======== Recorded data ========

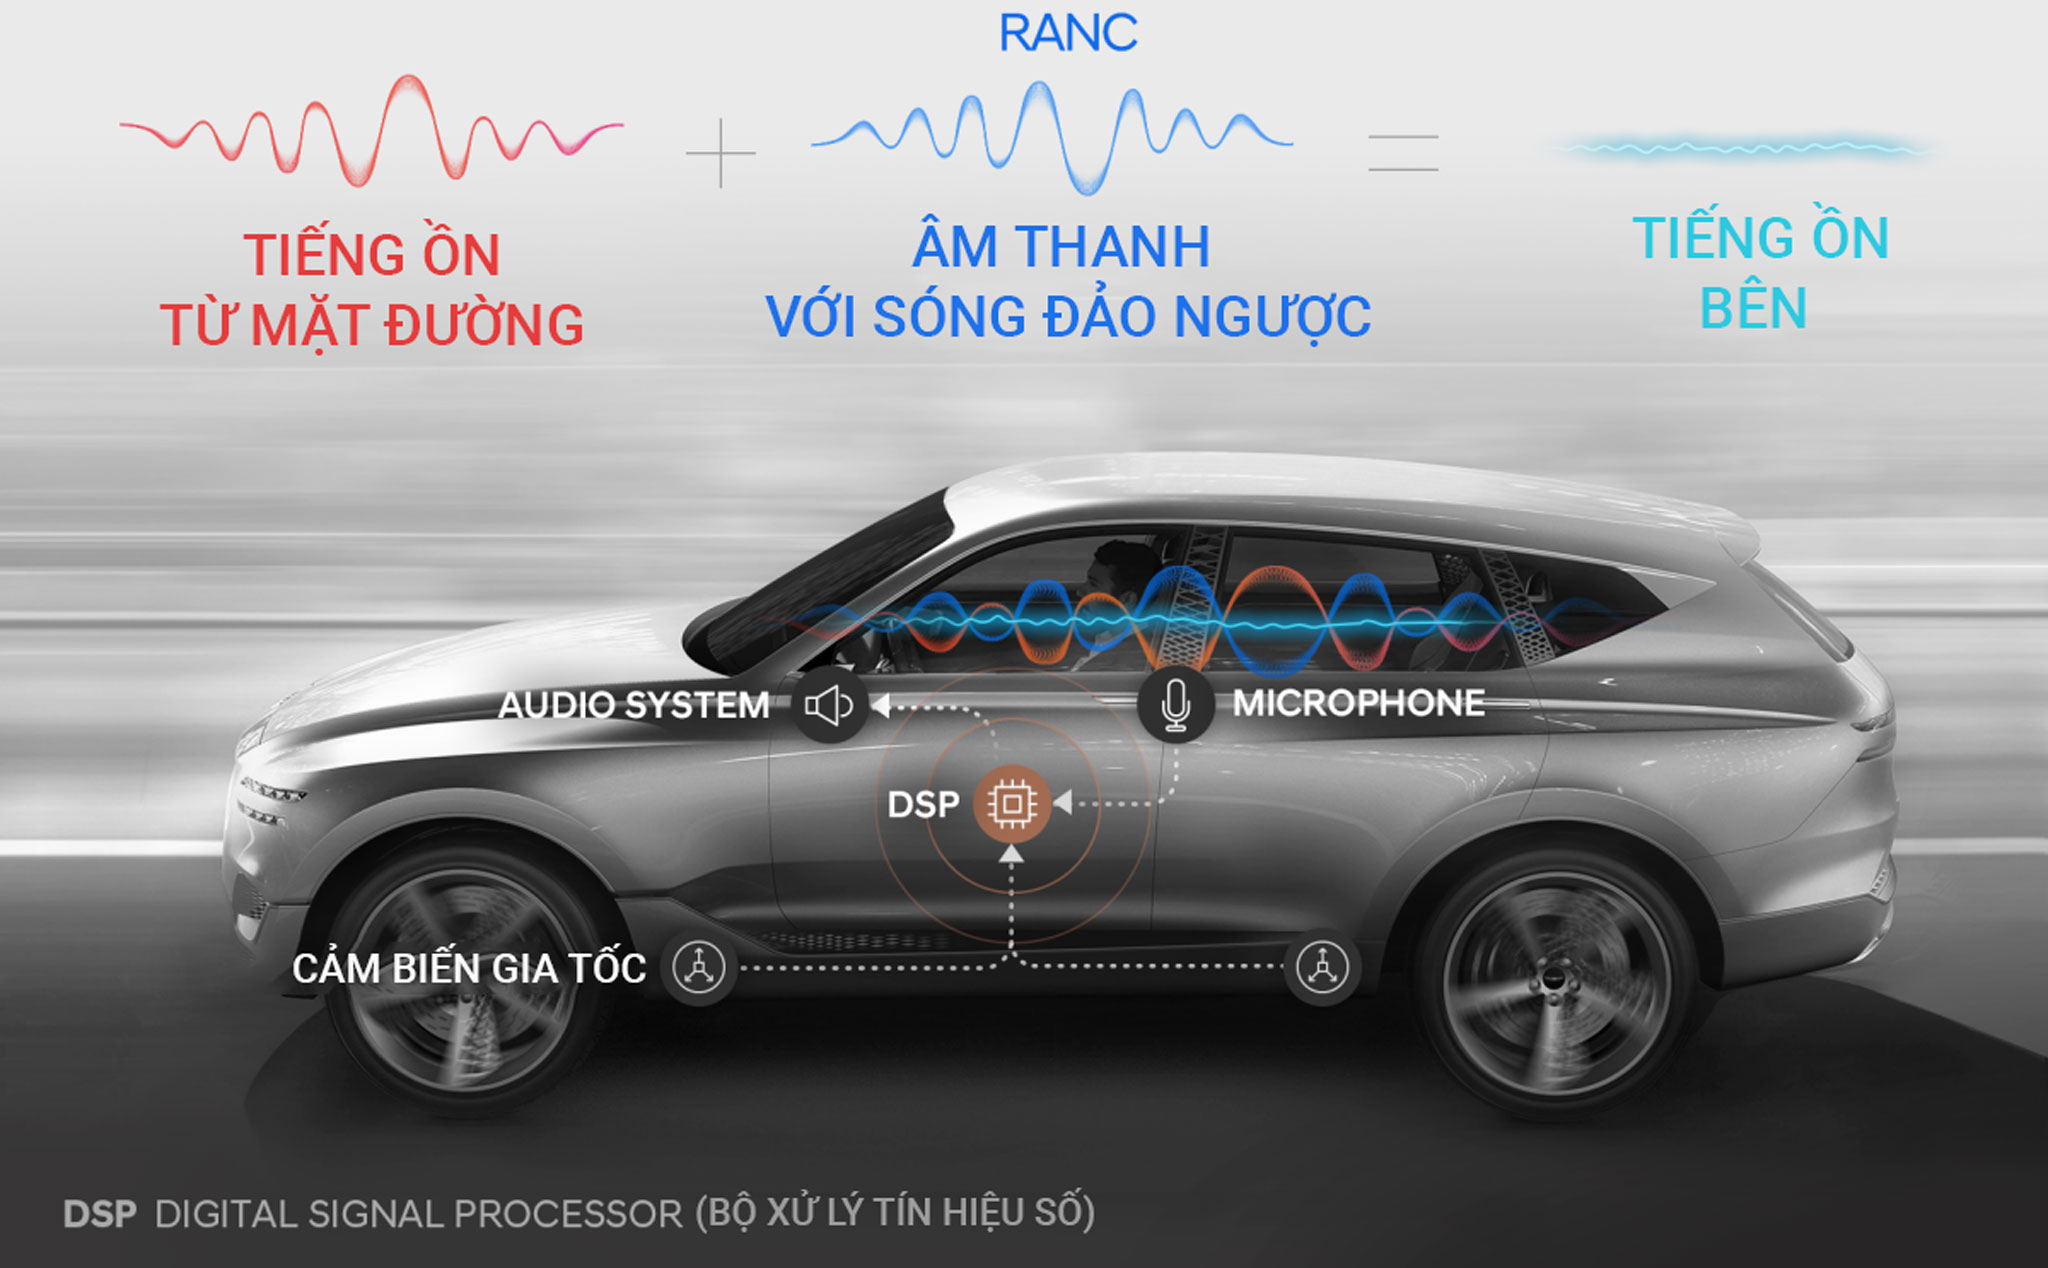 Hyundai đang phát triển công nghệ giúp triệt tiêu tiếng ồn vọng lên từ mặt đường
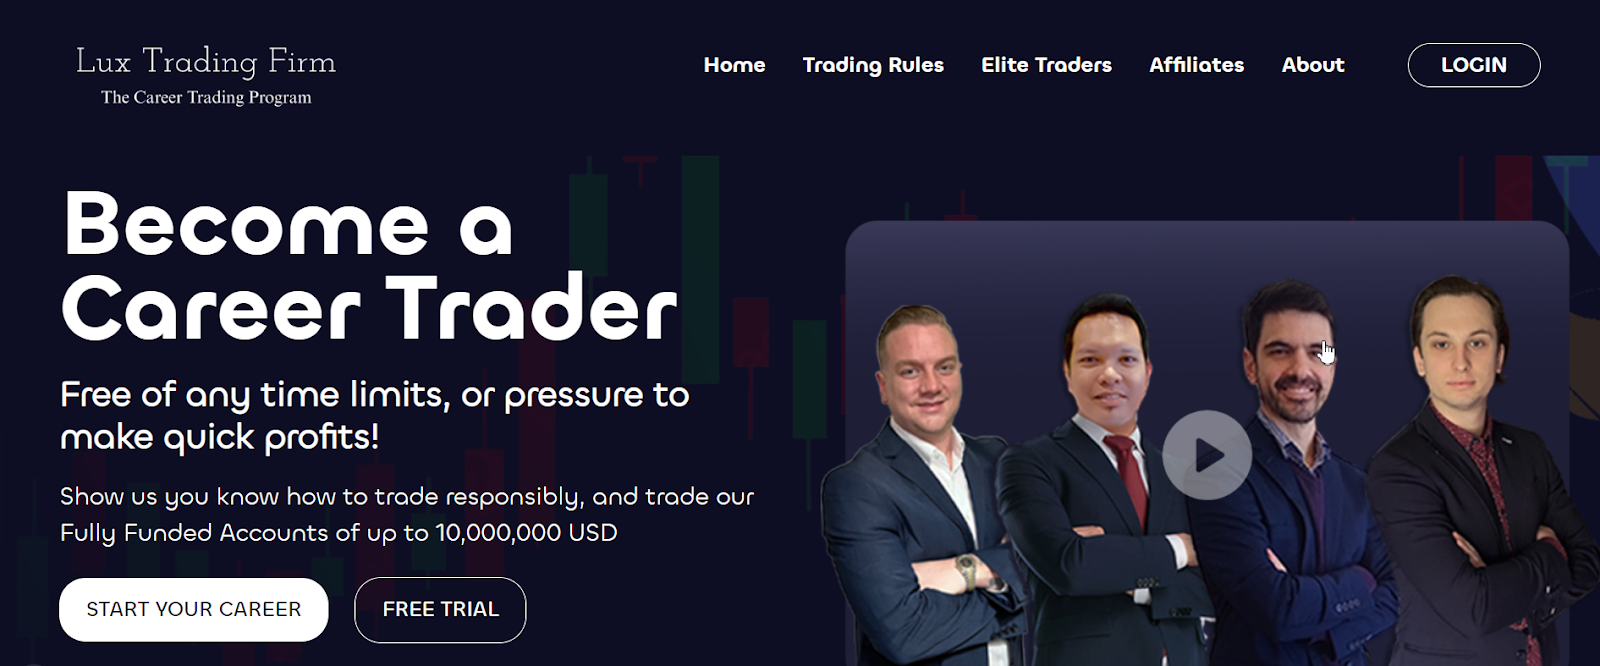 Lux Trading Firm İncelemesi - Ücretsiz deneme
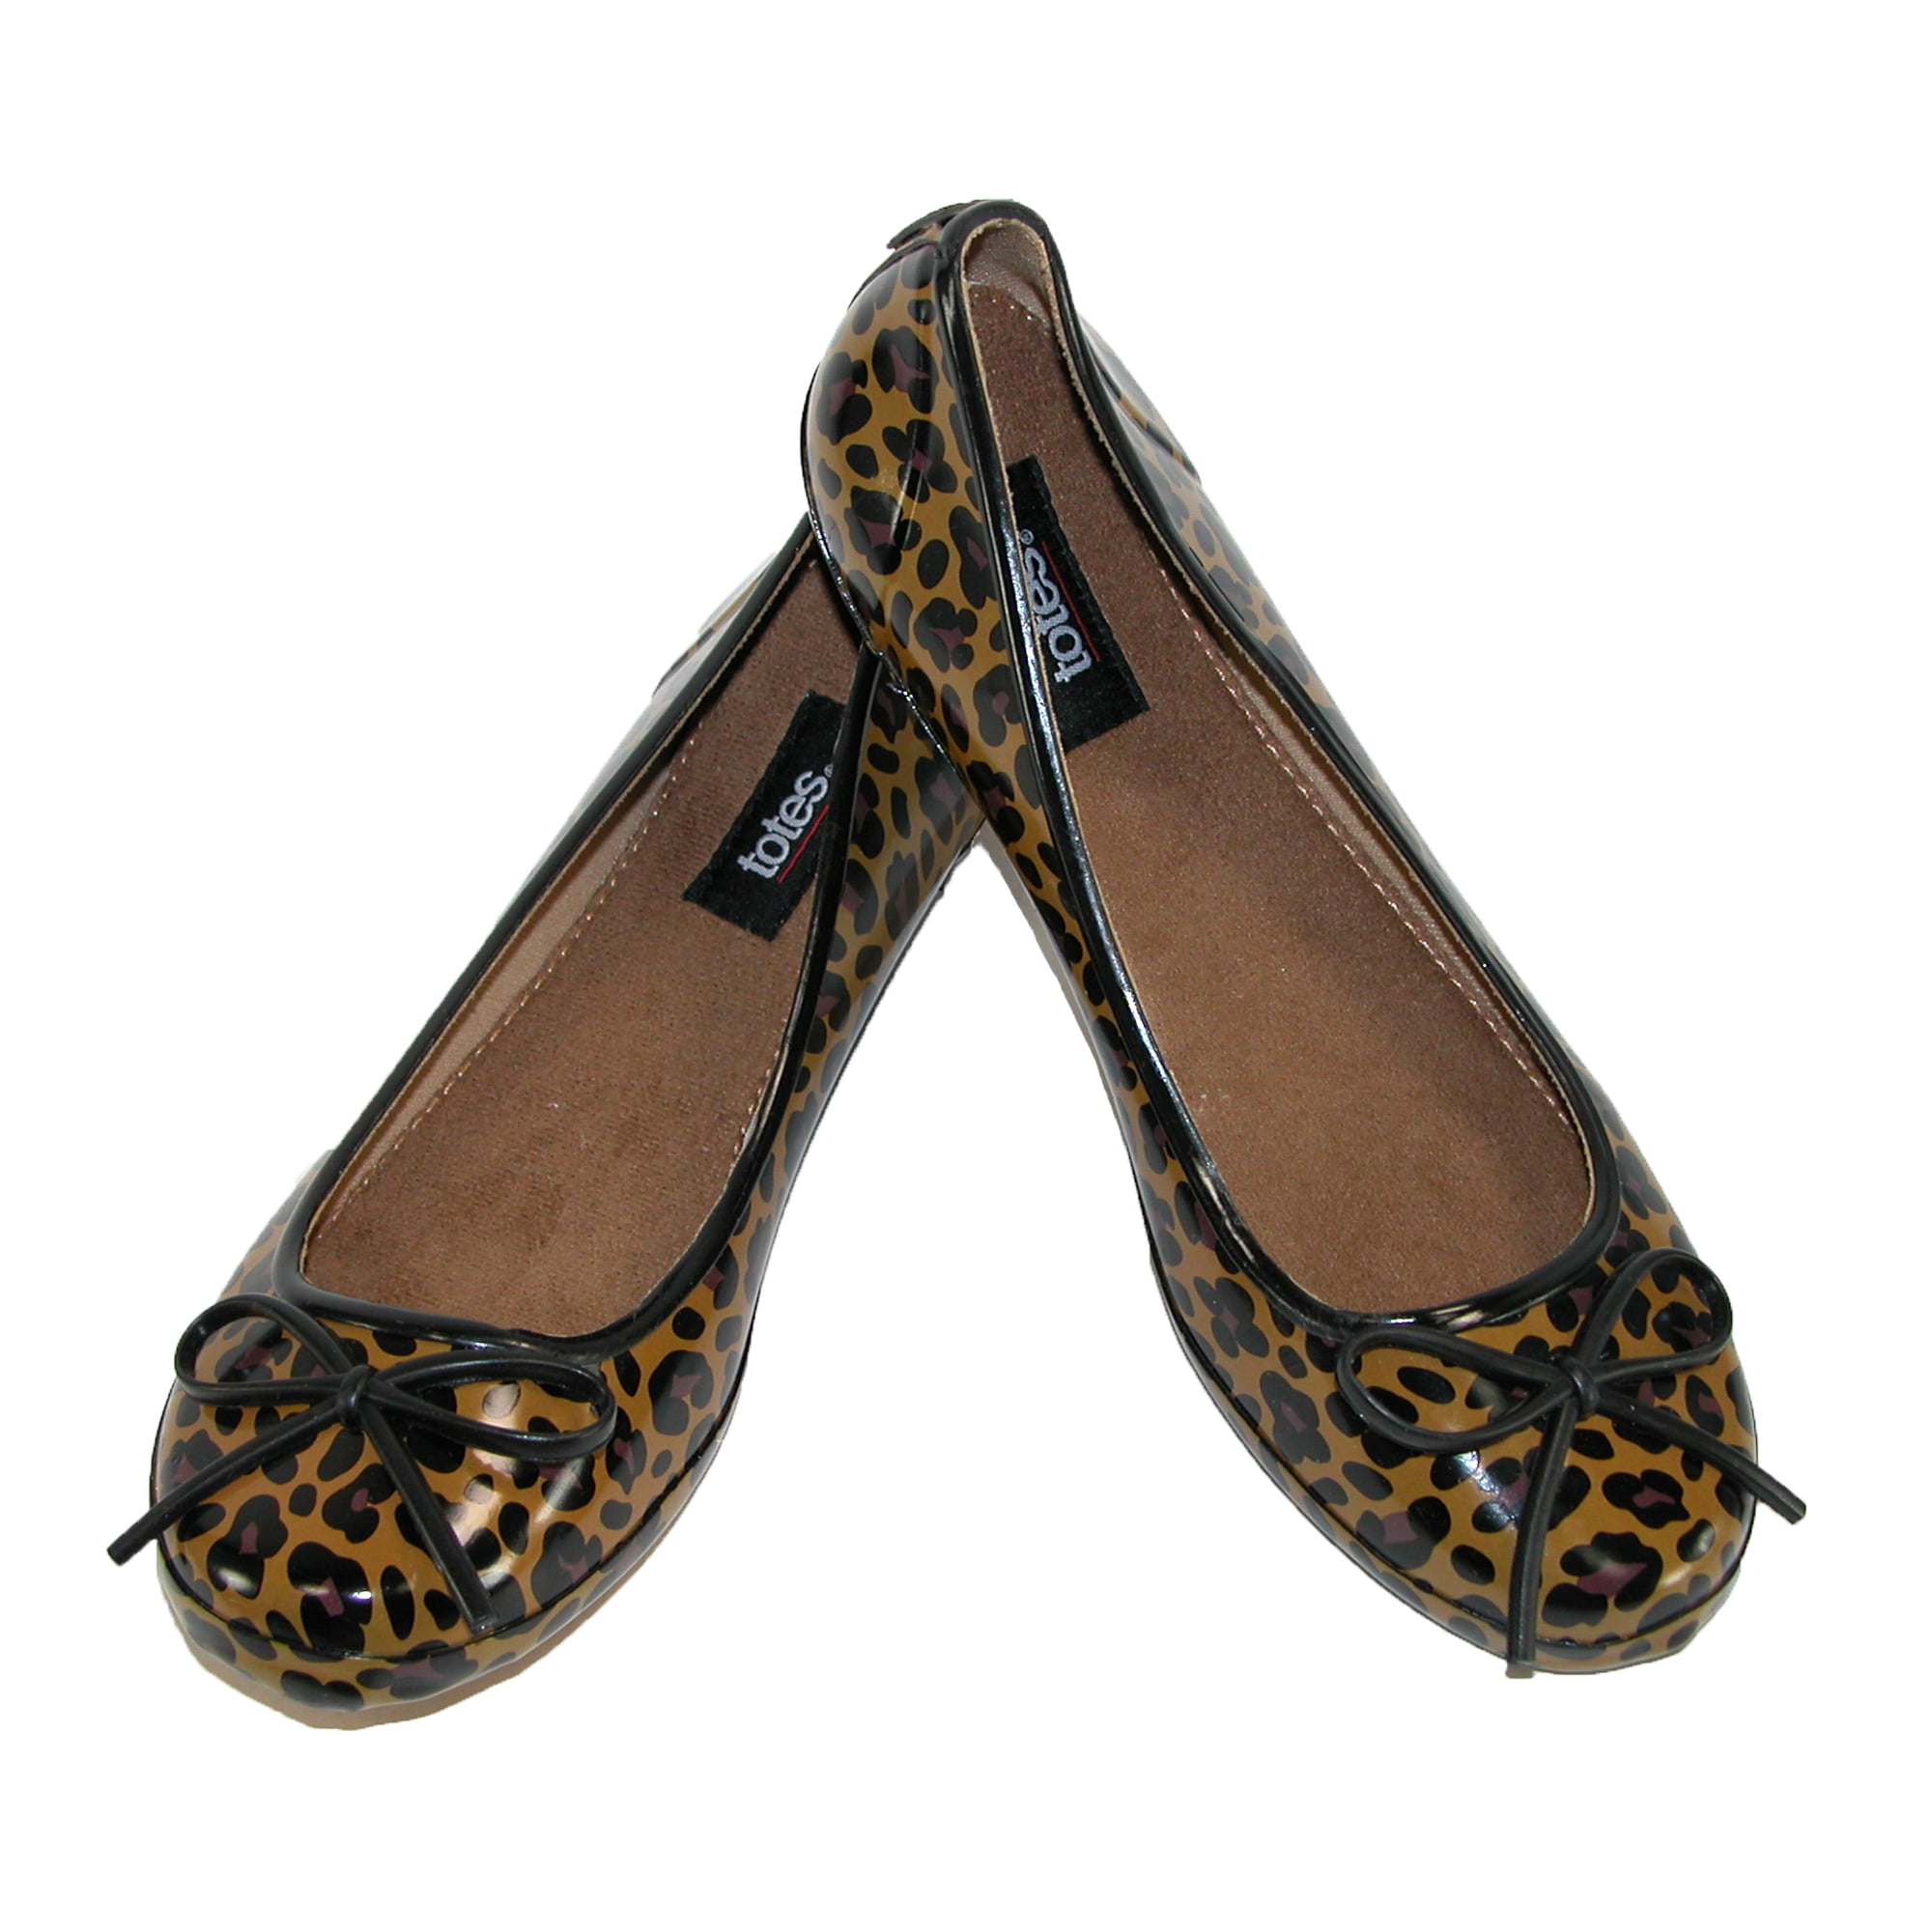 leopard print shoes size 11

========

● **Work item**
Would you restate word for word only the lines from the line with "Lux Trading Firm" to the last line above, with the pictures left out?

● **Answer space**
 Lux Trading Firm İncelemesi - Ücretsiz deneme
 leopard print shoes size 11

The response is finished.